Below is a listing with pictures in it; transcribe exactly the lines from the one that has "Chloé Sunglasses for Kids" through the one that has "68 yuan Cinese", and omit those pictures.

## Provided data
◇ ◇ ◇
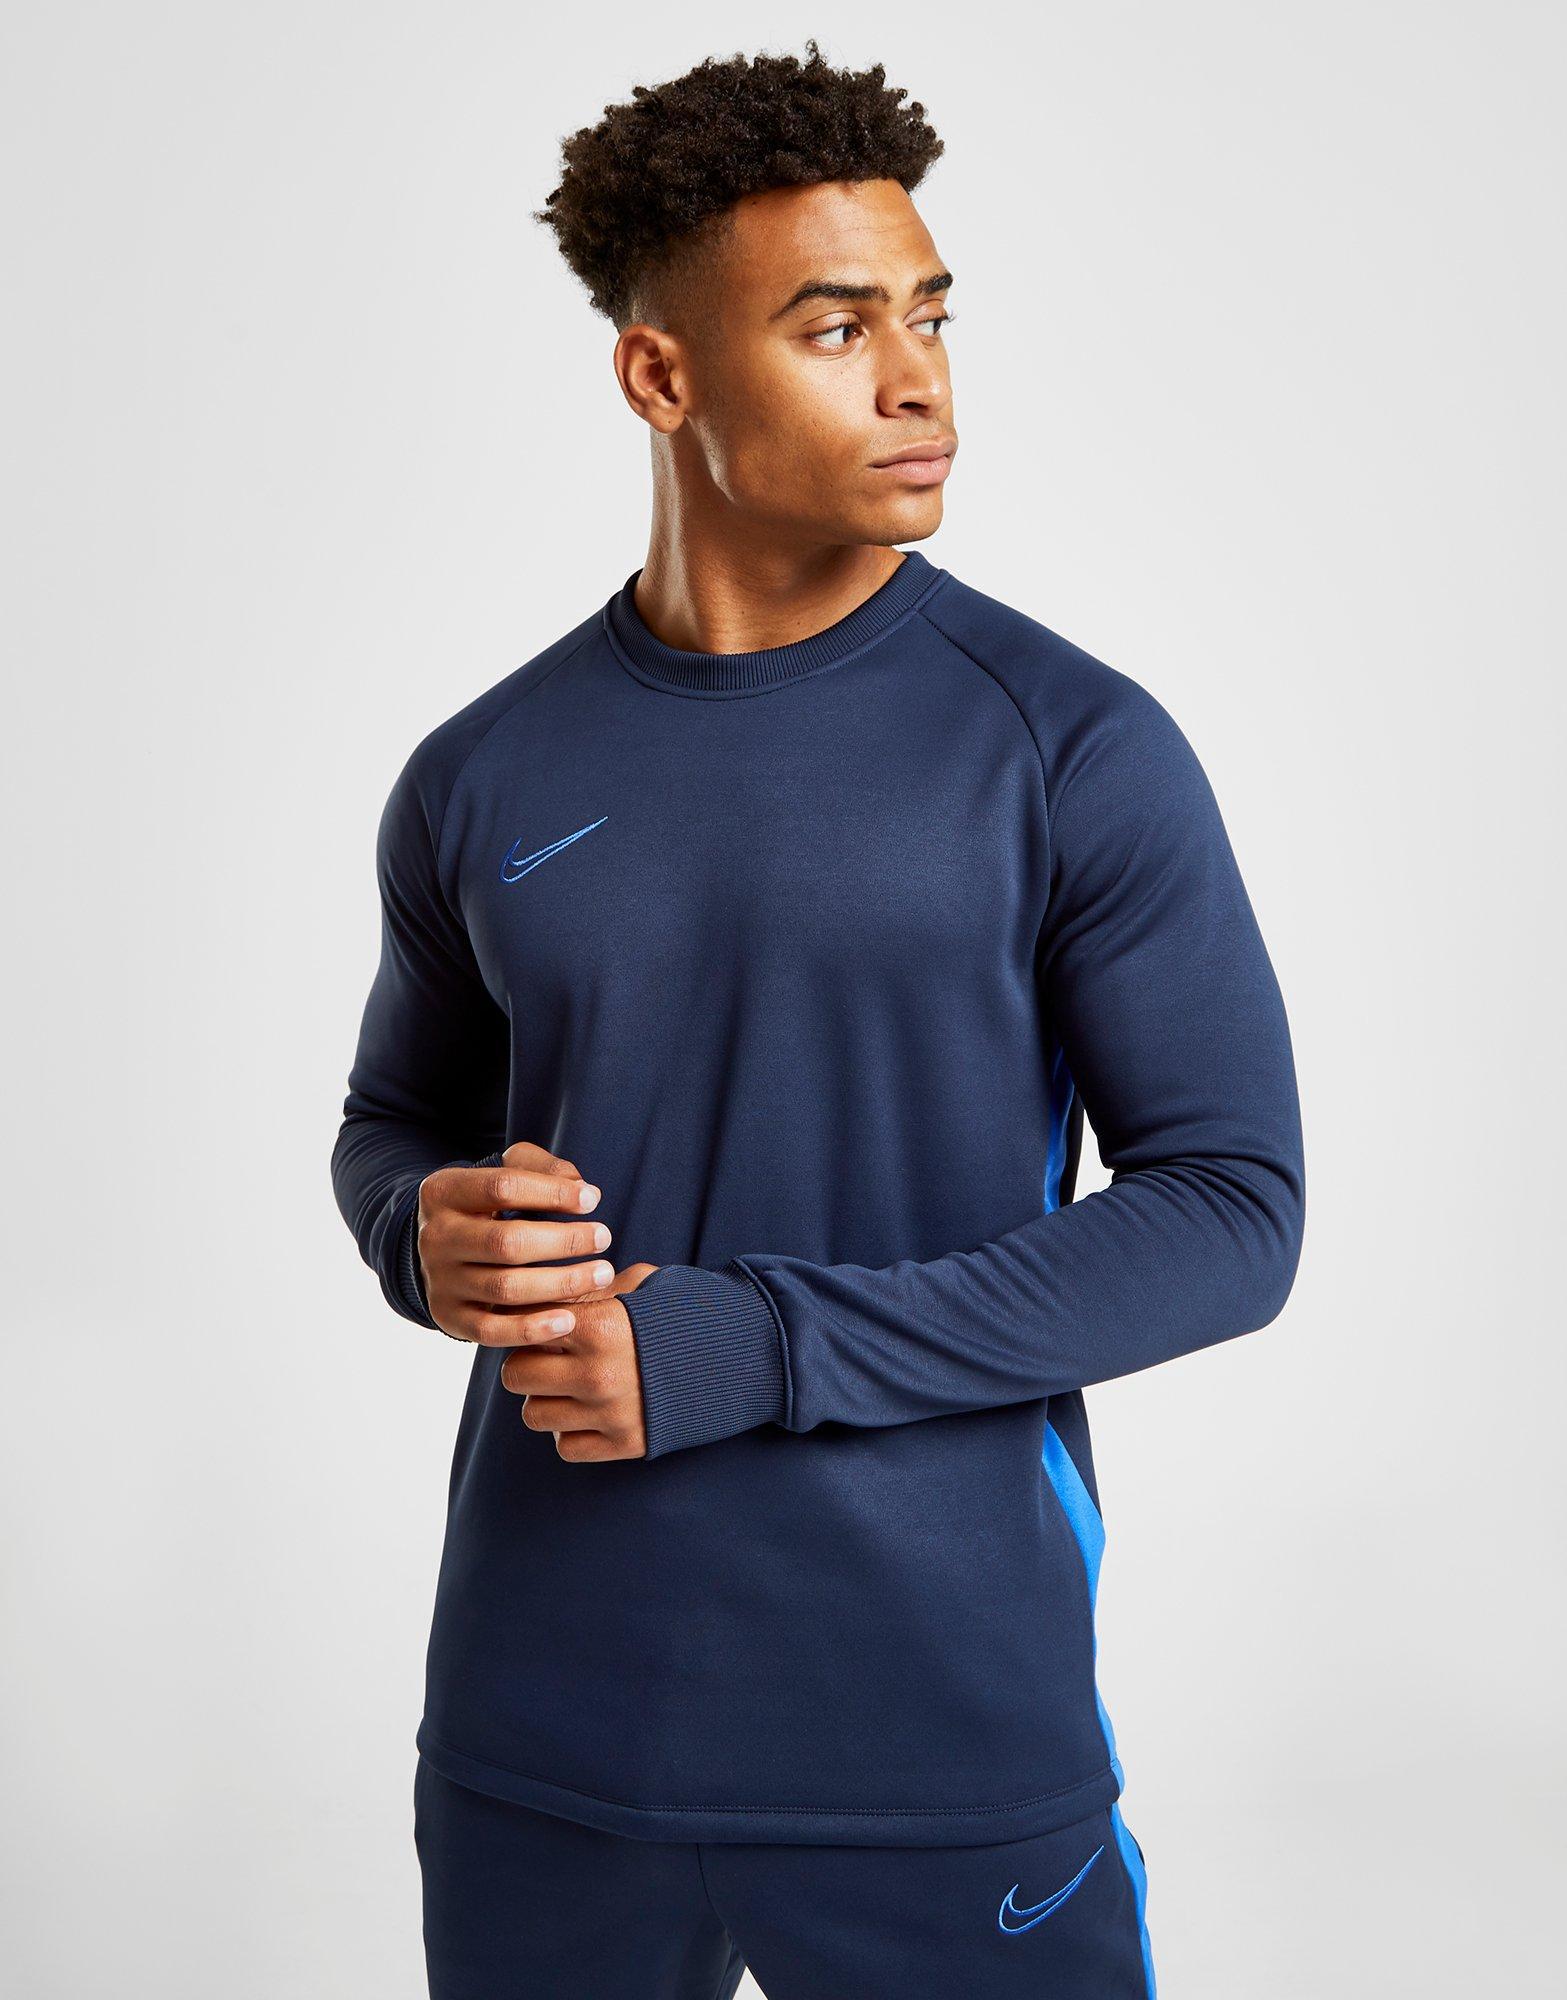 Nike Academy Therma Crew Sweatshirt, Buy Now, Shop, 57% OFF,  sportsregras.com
◇ ◇ ◇
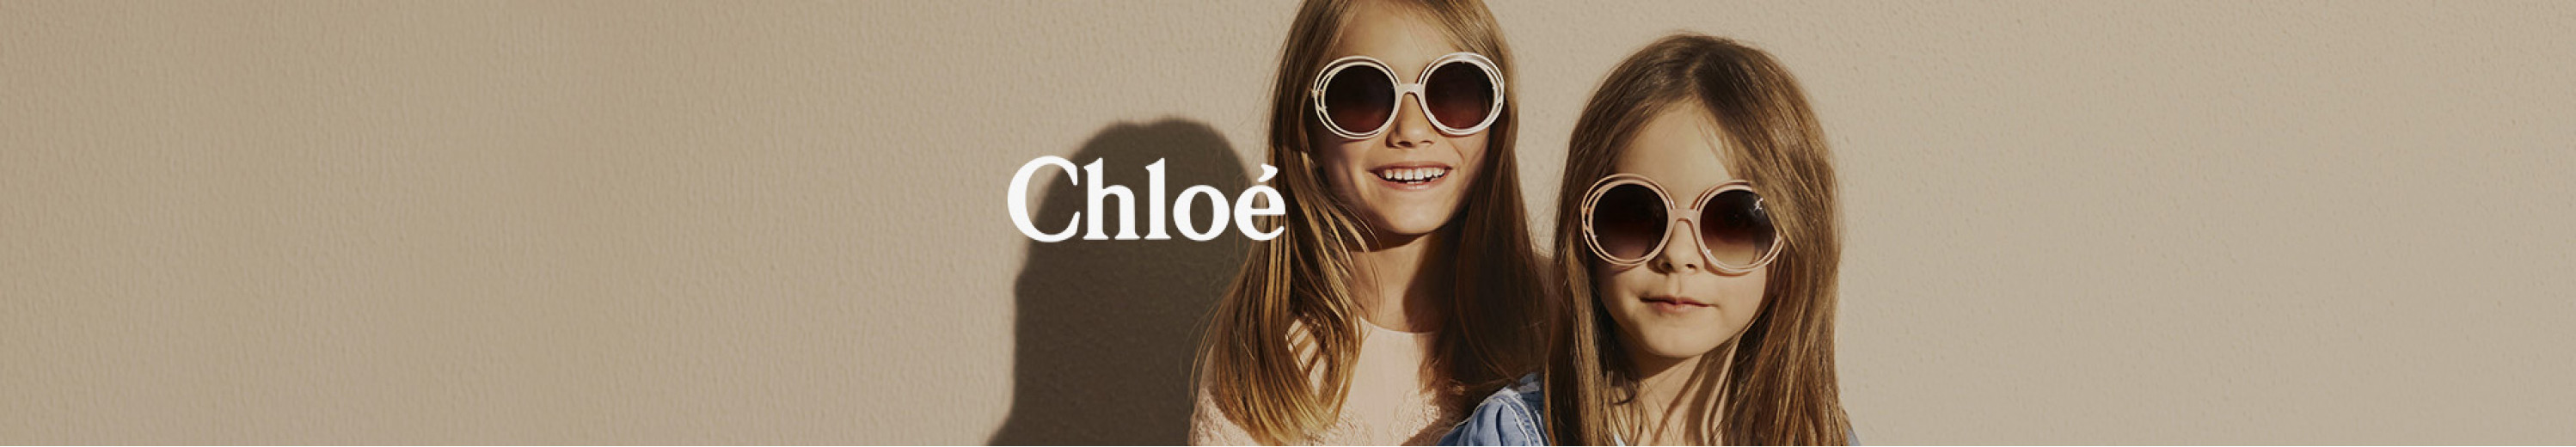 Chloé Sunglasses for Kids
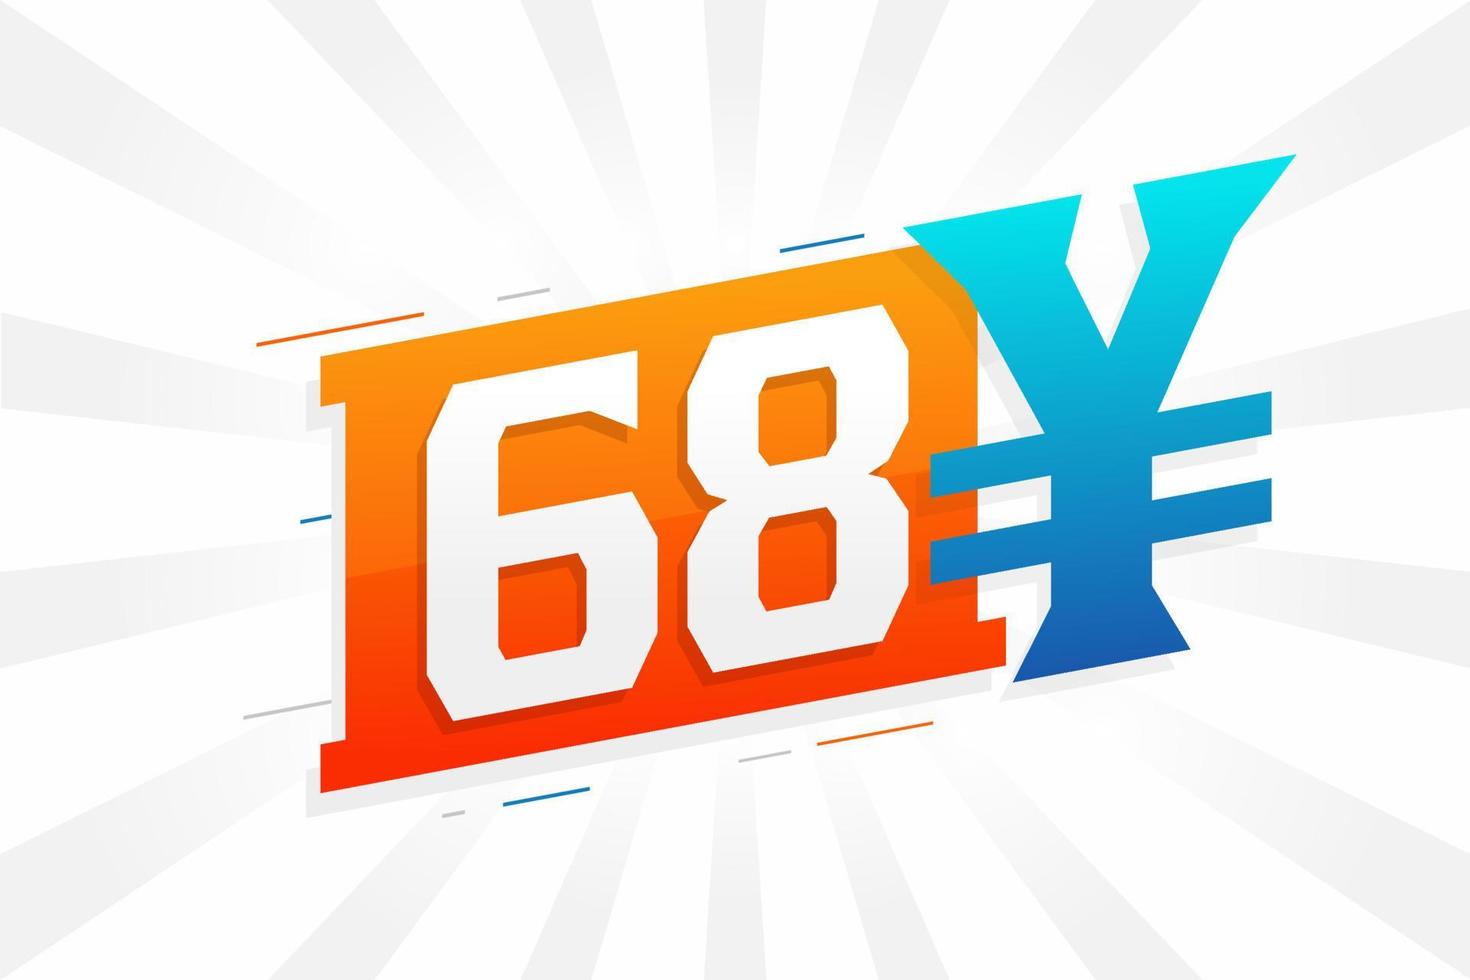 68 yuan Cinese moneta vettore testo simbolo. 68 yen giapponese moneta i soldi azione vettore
◇ ◇ ◇
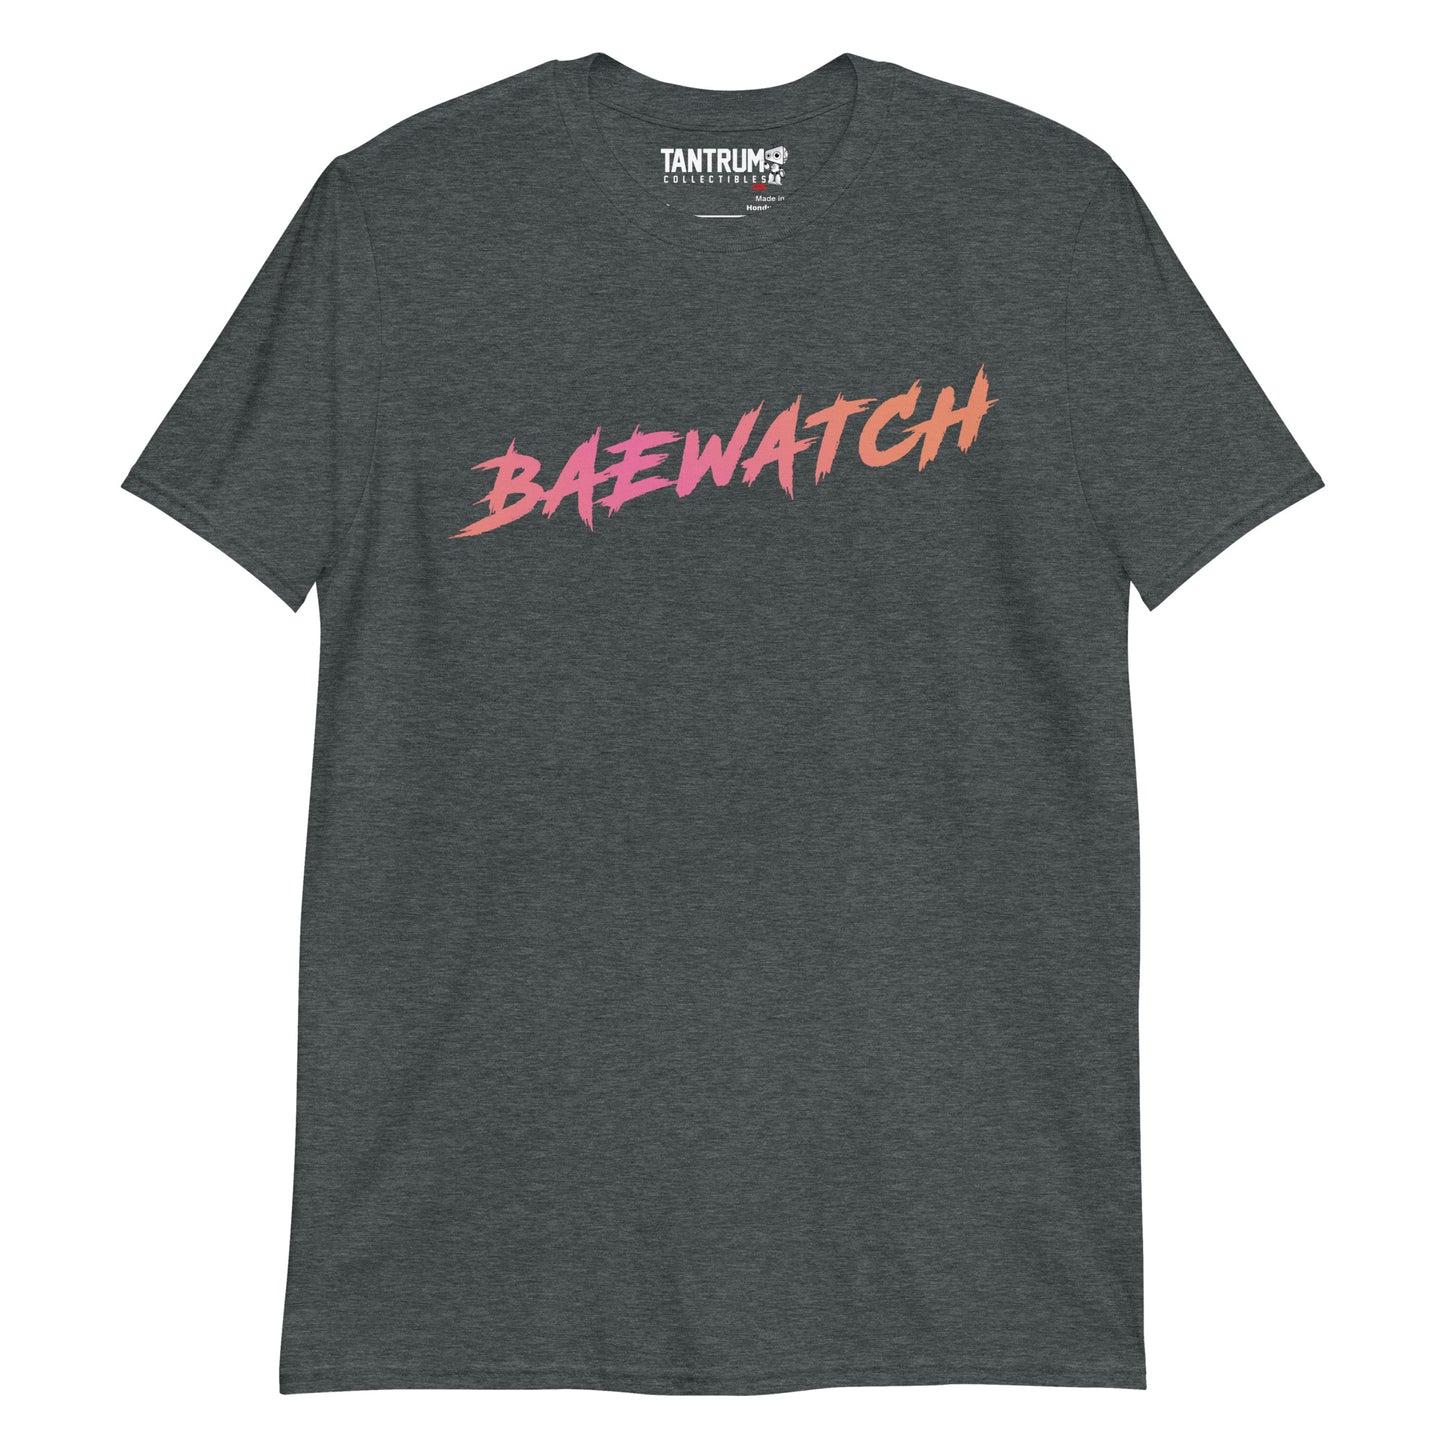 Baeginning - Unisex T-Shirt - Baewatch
◇ ◇ ◇
## Solution to this exercise
 Chloé Sunglasses for Kids
 68 yuan Cinese moneta vettore testo simbolo. 68 yen giapponese moneta i soldi azione vettore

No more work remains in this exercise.